Velocity features: txn_count_5m, txn_amount_sum_1h per user_id / card_hash / device_id
Entity graph features: distinct_cards_per_device_24h, distinct_devices_per_merchant_7d
Aggregation with joins: merchant tier, MCC risk, user segment
Label joins for training: chargeback outcomes joined to past auths with point-in-time correctness

Your Task

Design a complete feature engineering pipeline for big data that produces:

Online features for real-time scoring (low latency, consistent keys)
Offline feature tables for training and backtesting (point-in-time correct)
A governed feature registry (definitions, owners, SLAs, lineage)

Functional requirements

Compute streaming aggregations (windowed + stateful) for velocity and distinct-count features.
Handle late-arriving events up to 48 hours without corrupting aggregates; define what happens beyond the allowed lateness.
Guarantee idempotency and deduplication for retried events (e.g., auth retries, Kafka replays).
Support feature backfills (e.g., recompute last 90 days after a bug fix) without breaking online serving.
Provide point-in-time correctness for offline training datasets (no label leakage; features as-of event time).
Implement data quality checks: schema validation, null/volume anomalies, distribution drift, and join coverage.
Provide a consistent feature definition so the same logic is used for offline and online (or explain controlled divergence).

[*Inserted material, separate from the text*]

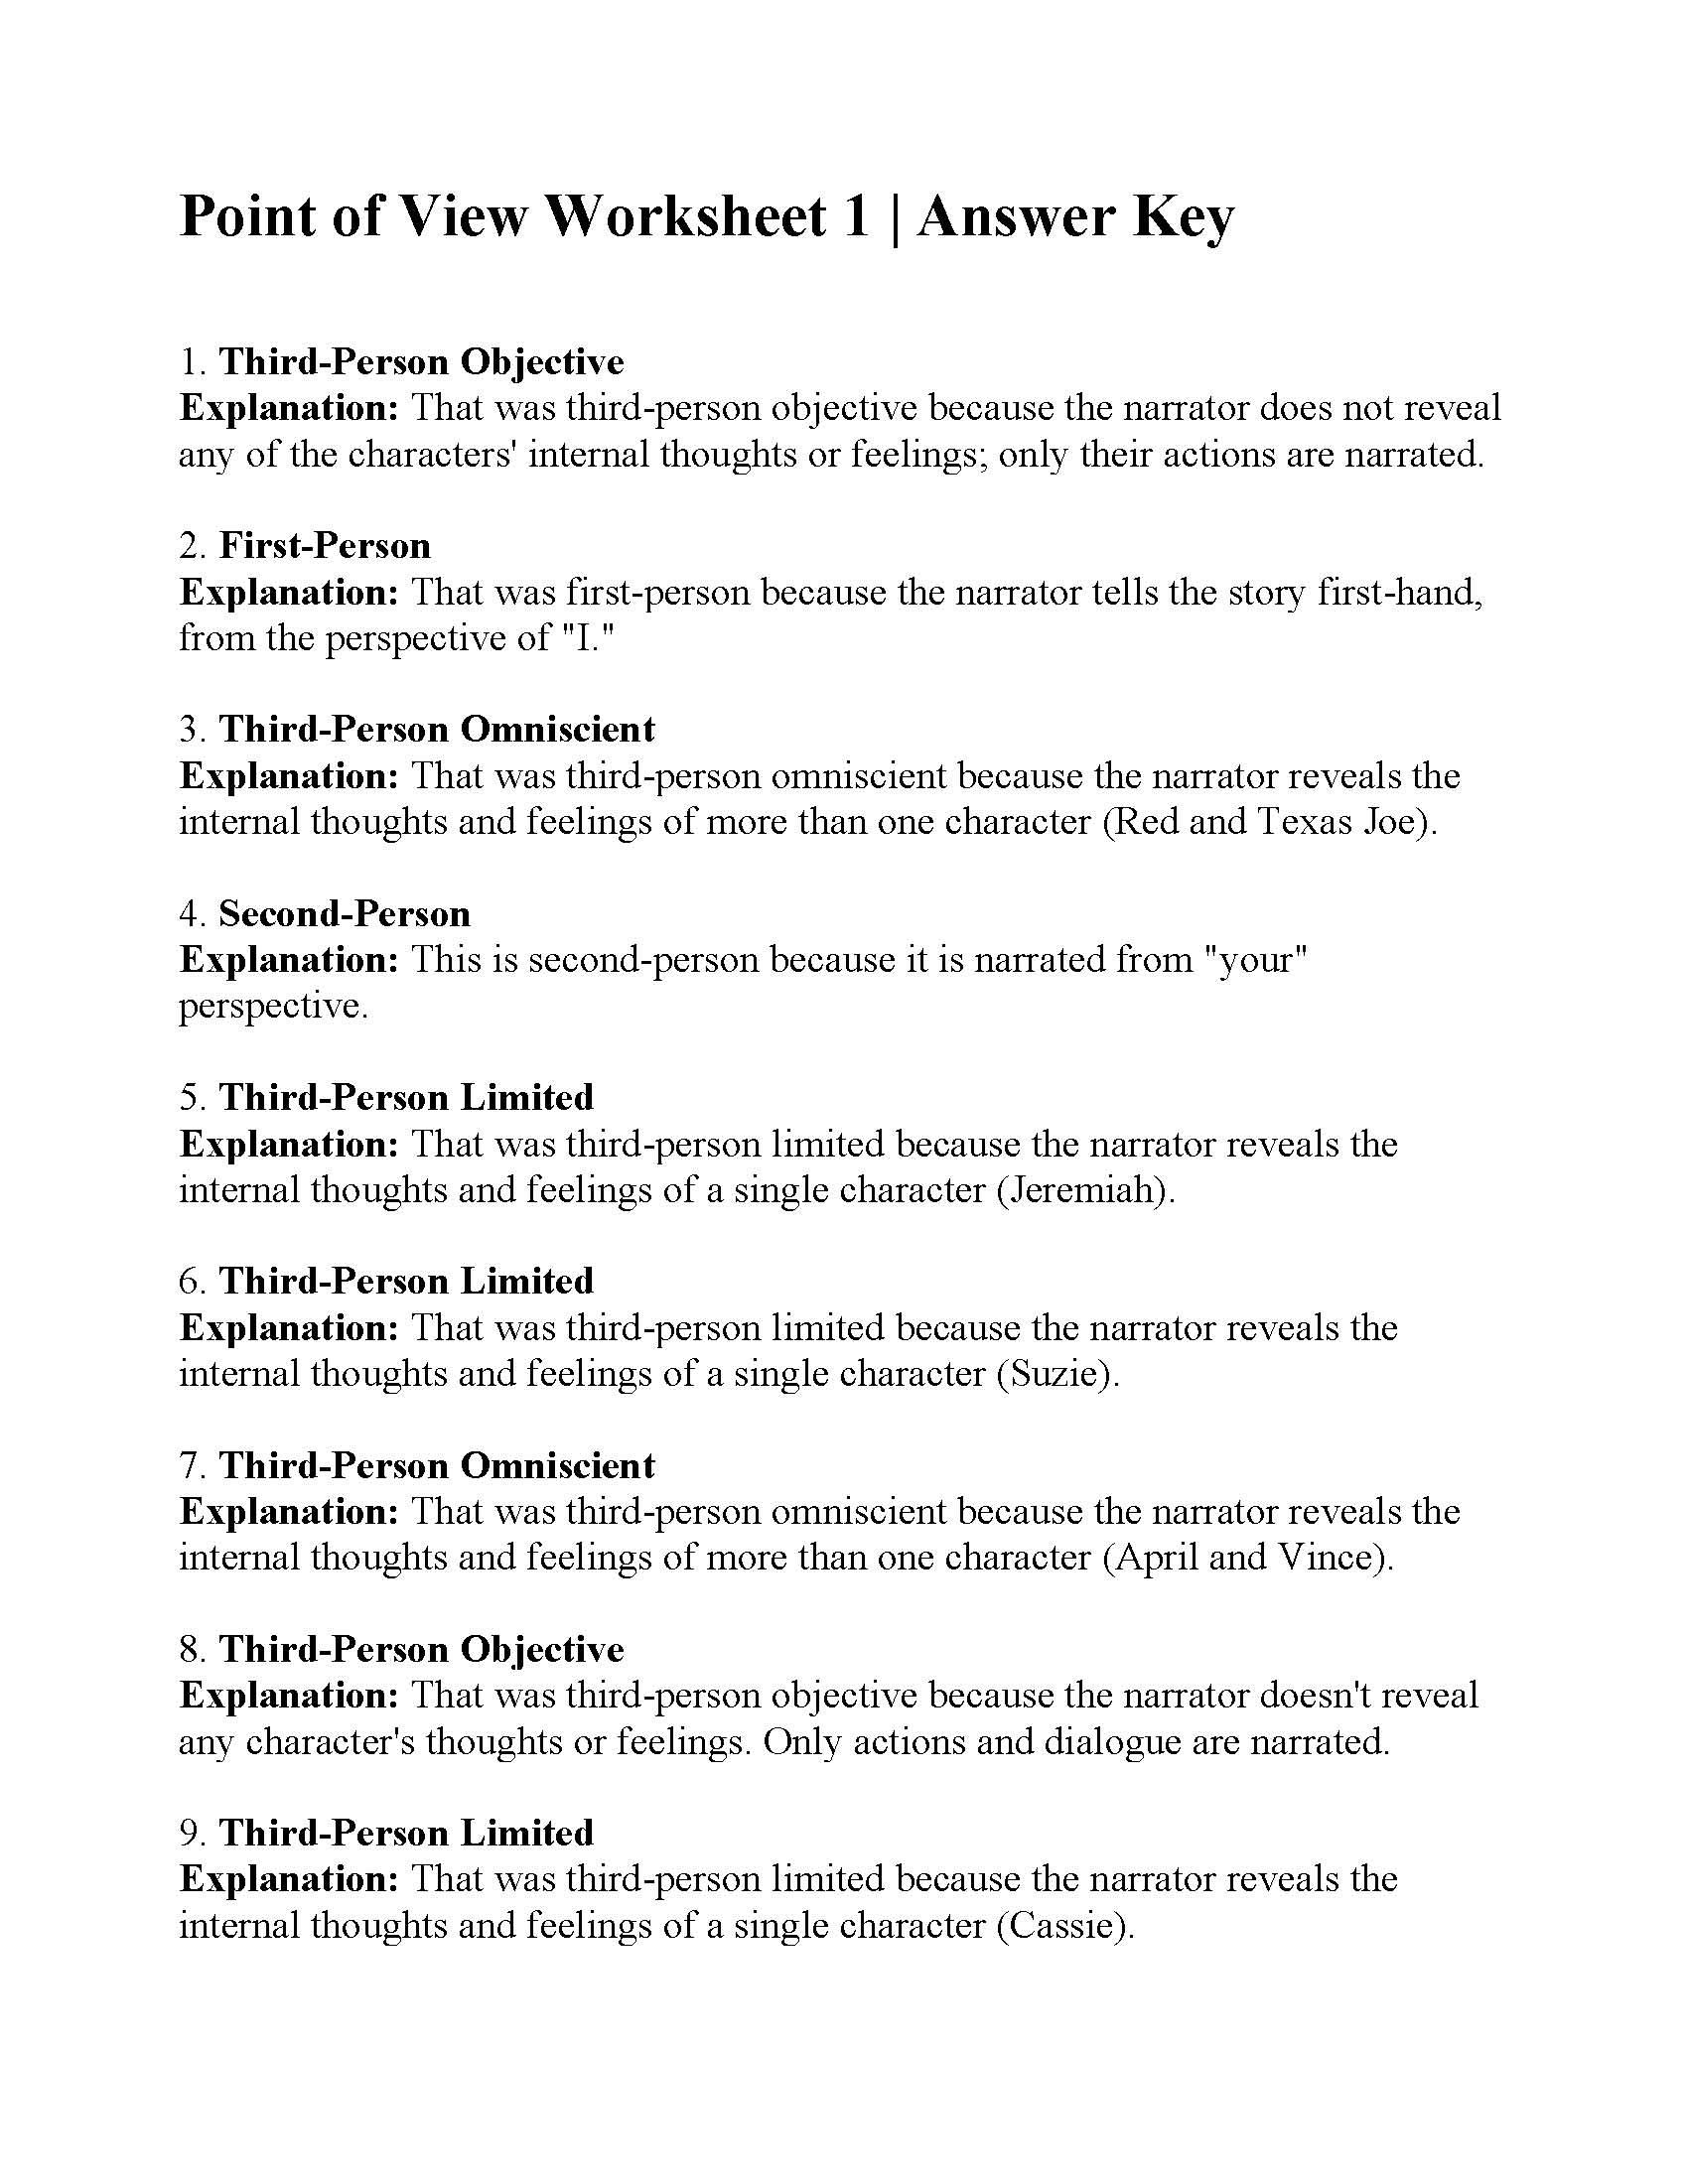 Point Of View Worksheet 1 : point, worksheet, Point, Worksheet, Answers

Non-functional requirements

Reliability: 99.9% pipeline availability; automatic recovery from transient failures.
Observability: per-feature freshness, completeness, and error budgets.
Cost: incremental platform spend capped at $120K/month.
Compliance: PCI/PII constraints—card PAN never stored; only tokenized hashes; GDPR deletion within 72 hours.

Constraints

Cloud: AWS. Existing investments: Kafka (MSK), S3, Snowflake, Airflow, and Spark on EMR.
Team: 6 data engineers, 2 ML engineers. Strong Spark/SQL; moderate Kafka; limited Flink experience.
You may introduce dbt and a schema registry, but avoid adopting a brand-new large platform unless justified.

What we’re evaluating

Explain the techniques you’d use for feature engineering on big data specifically in a pipelines context:

How you design streaming window/state and choose watermarks
How you model feature tables (keys, time, versioning)
How you ensure training/serving parity and point-in-time joins
How you operationalize quality, backfills, and schema evolution
How you monitor and handle failures at production scale

Context

Scale Requirements

Event throughput: average 600K events/sec, peak 2.5M events/sec during regional sales
Daily volume: 50B events/day across auths, device signals, merchant events, and user behavior (30–60 TB/day compressed)
Latency targets:
- Online features: P95 < 10 minutes from event time to availability in online store
- Offline features: hourly partitions available within 30 minutes of hour close
Late/out-of-order data:
- 95% within 5 minutes, long tail up to 48 hours (mobile device telemetry and partner feeds)
Retention:
- Raw immutable events: 180 days
- Offline feature tables: 2 years
- Online feature store: 30 days (rolling)

Data Characteristics

Key sources

Source	Transport	Example events	Common issues
Authorization events	Kafka	auth_created, auth_decision	duplicates on retries, occasional missing fields
Device telemetry	Kafka	device_fingerprint, IP changes	late arrival, high cardinality
Merchant catalog & risk config	CDC (Debezium)	merchant_tier, MCC, risk_rules	schema evolution, backfills
Chargeback outcomes	Batch S3 drop	chargeback_opened/closed	very late labels (weeks), partial files

Example feature families you must support

Velocity features: txn_count_5m, txn_amount_sum_1h per user_id / card_hash / device_id
Entity graph features: distinct_cards_per_device_24h, distinct_devices_per_merchant_7d
Aggregation with joins: merchant tier, MCC risk, user segment
Label joins for training: chargeback outcomes joined to past auths with point-in-time correctness

Your Task

Design a complete feature engineering pipeline for big data that produces:

Online features for real-time scoring (low latency, consistent keys)
Offline feature tables for training and backtesting (point-in-time correct)
A governed feature registry (definitions, owners, SLAs, lineage)

Functional requirements

Compute streaming aggregations (windowed + stateful) for velocity and distinct-count features.
Handle late-arriving events up to 48 hours without corrupting aggregates; define what happens beyond the allowed lateness.
Guarantee idempotency and deduplication for retried events (e.g., auth retries, Kafka replays).
Support feature backfills (e.g., recompute last 90 days after a bug fix) without breaking online serving.
Provide point-in-time correctness for offline training datasets (no label leakage; features as-of event time).
Implement data quality checks: schema validation, null/volume anomalies, distribution drift, and join coverage.
Provide a consistent feature definition so the same logic is used for offline and online (or explain controlled divergence).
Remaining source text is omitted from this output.